Stored data —
....
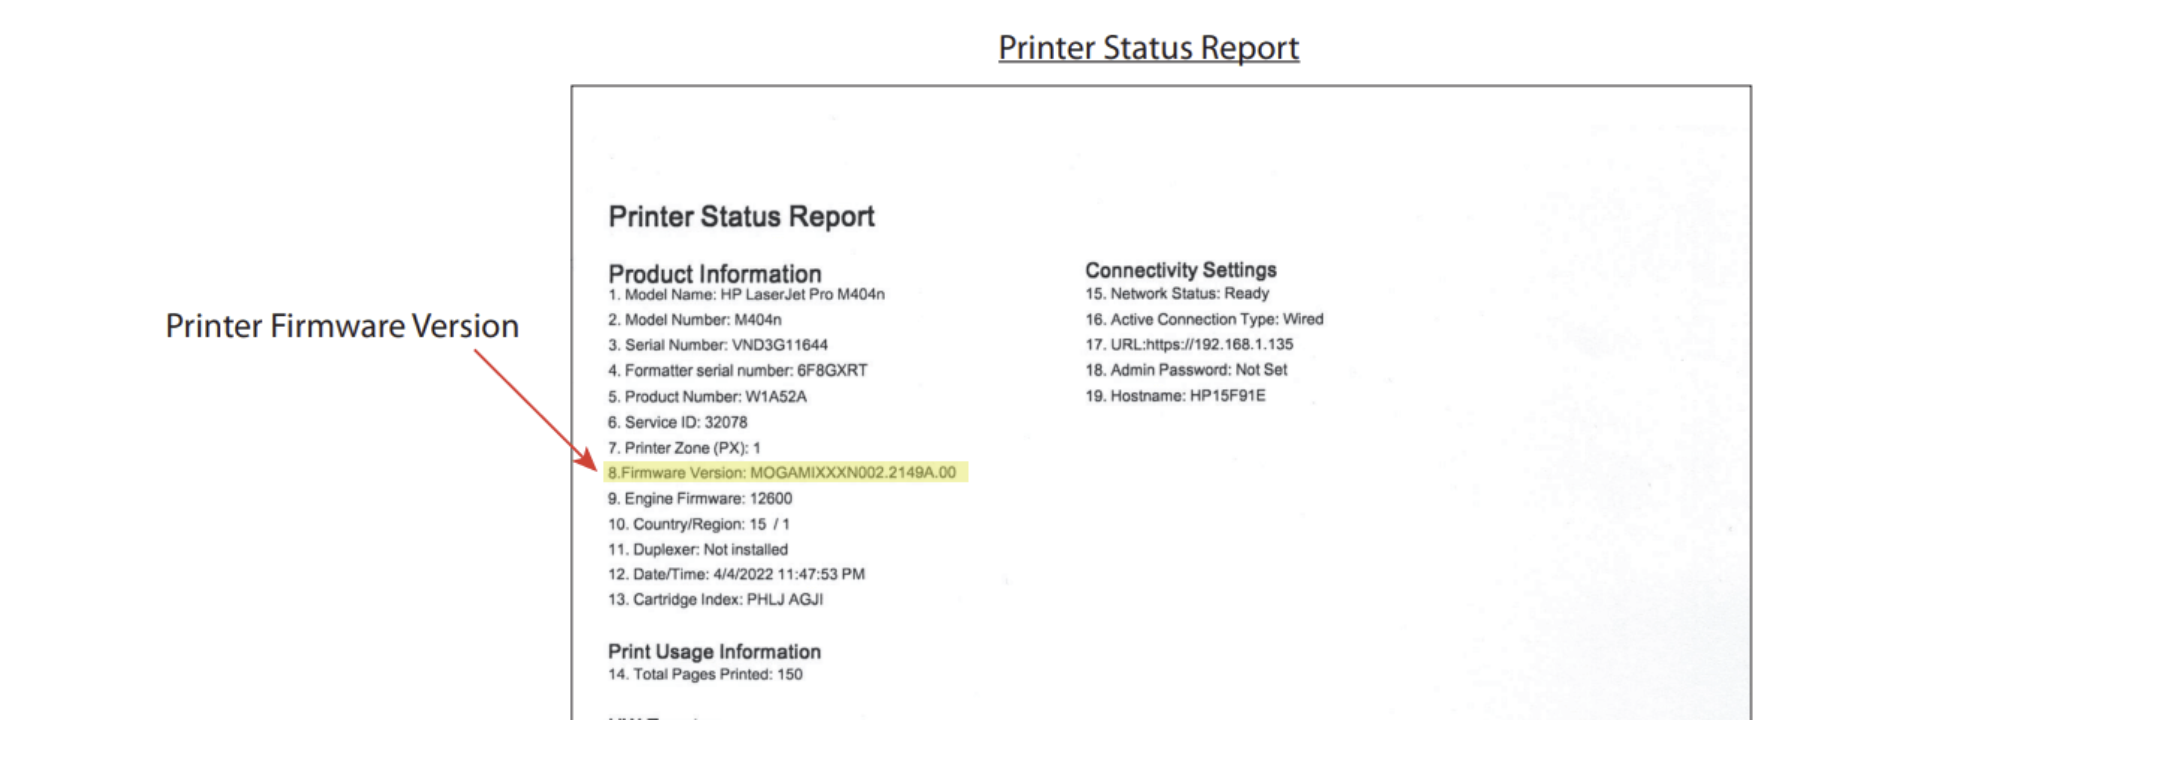 Printer Status Report
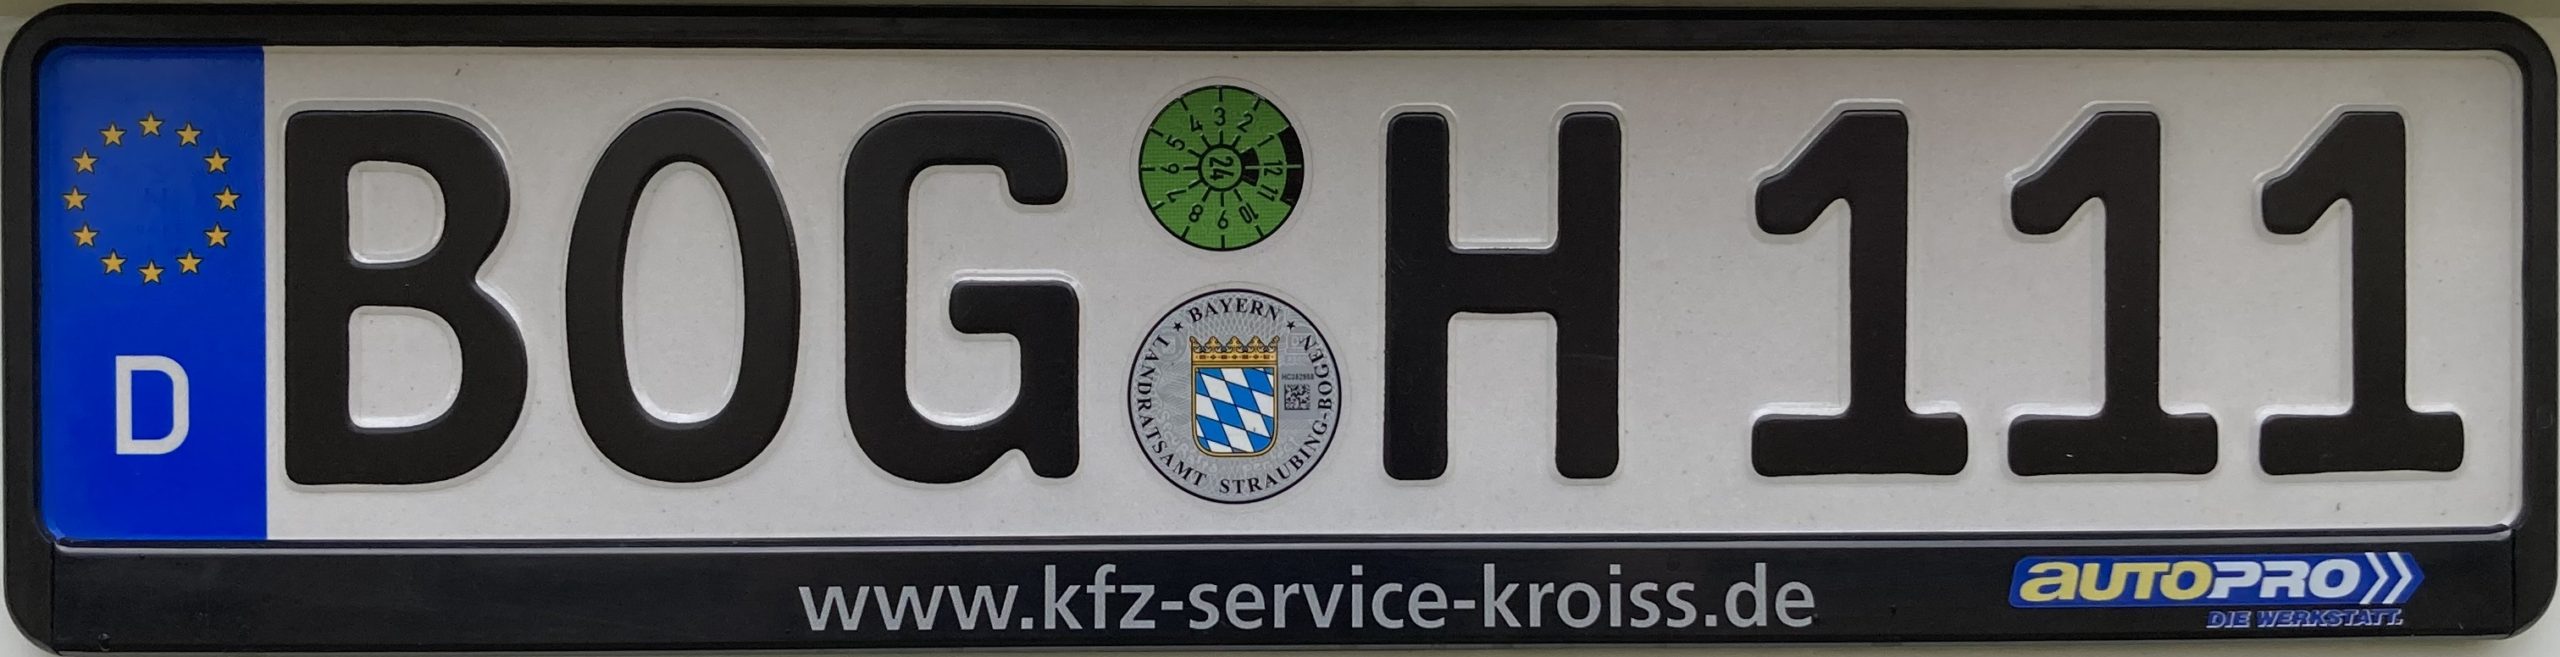 Registrační značky Německo - BOG - Bogen, foto: www.podalnici.cz
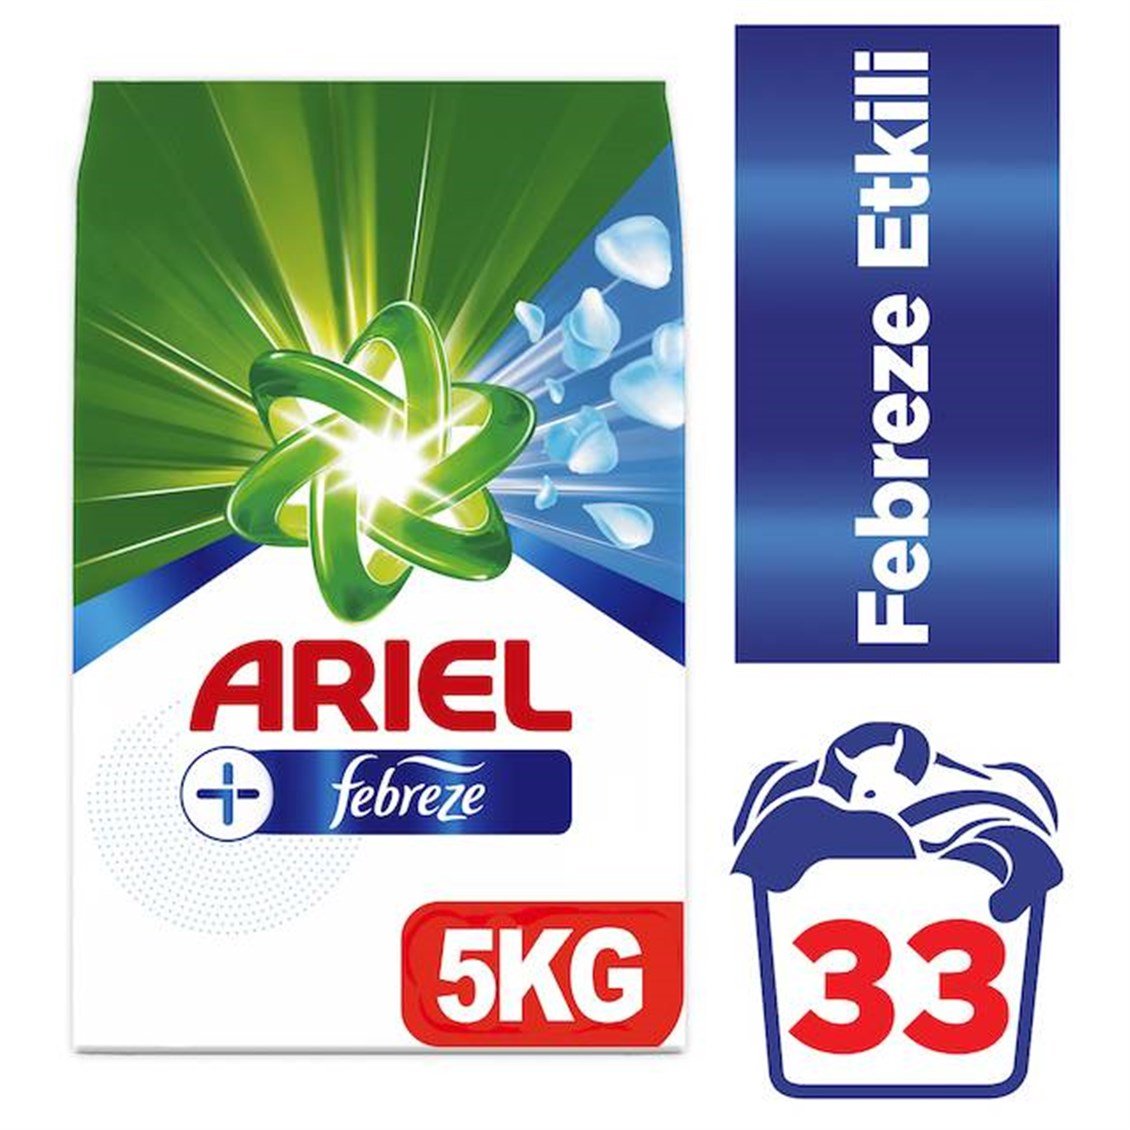 Ariel Febreze Aqua Toz Deterjan 5 kg - Onur Market
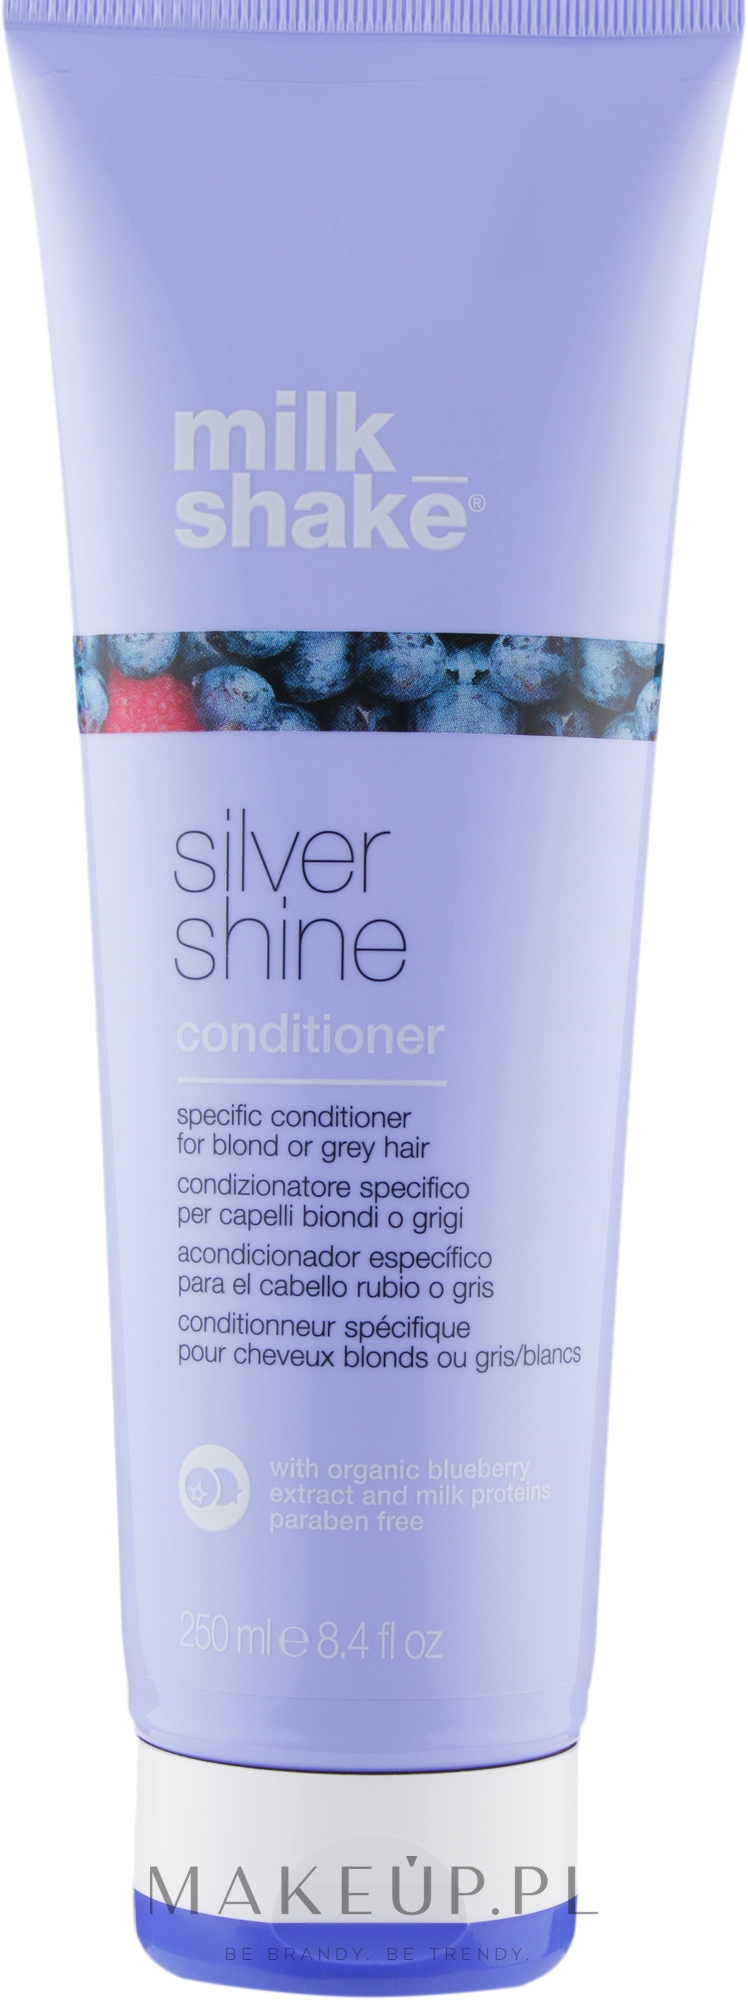 Odżywka do siwych i blond włosów nadająca im blask - Milk Shake Silver Shine Conditioner — Zdjęcie 250 ml
....
Exercise description —
Find the line with "Ariel Febreze Aqua" in the listing and extract it and all lines after it through the end, exactly, without the pictures.

Answer to this exercise —
 Ariel Febreze Aqua Toz Deterjan 5 kg - Onur Market
 Odżywka do siwych i blond włosów nadająca im blask - Milk Shake Silver Shine Conditioner — Zdjęcie 250 ml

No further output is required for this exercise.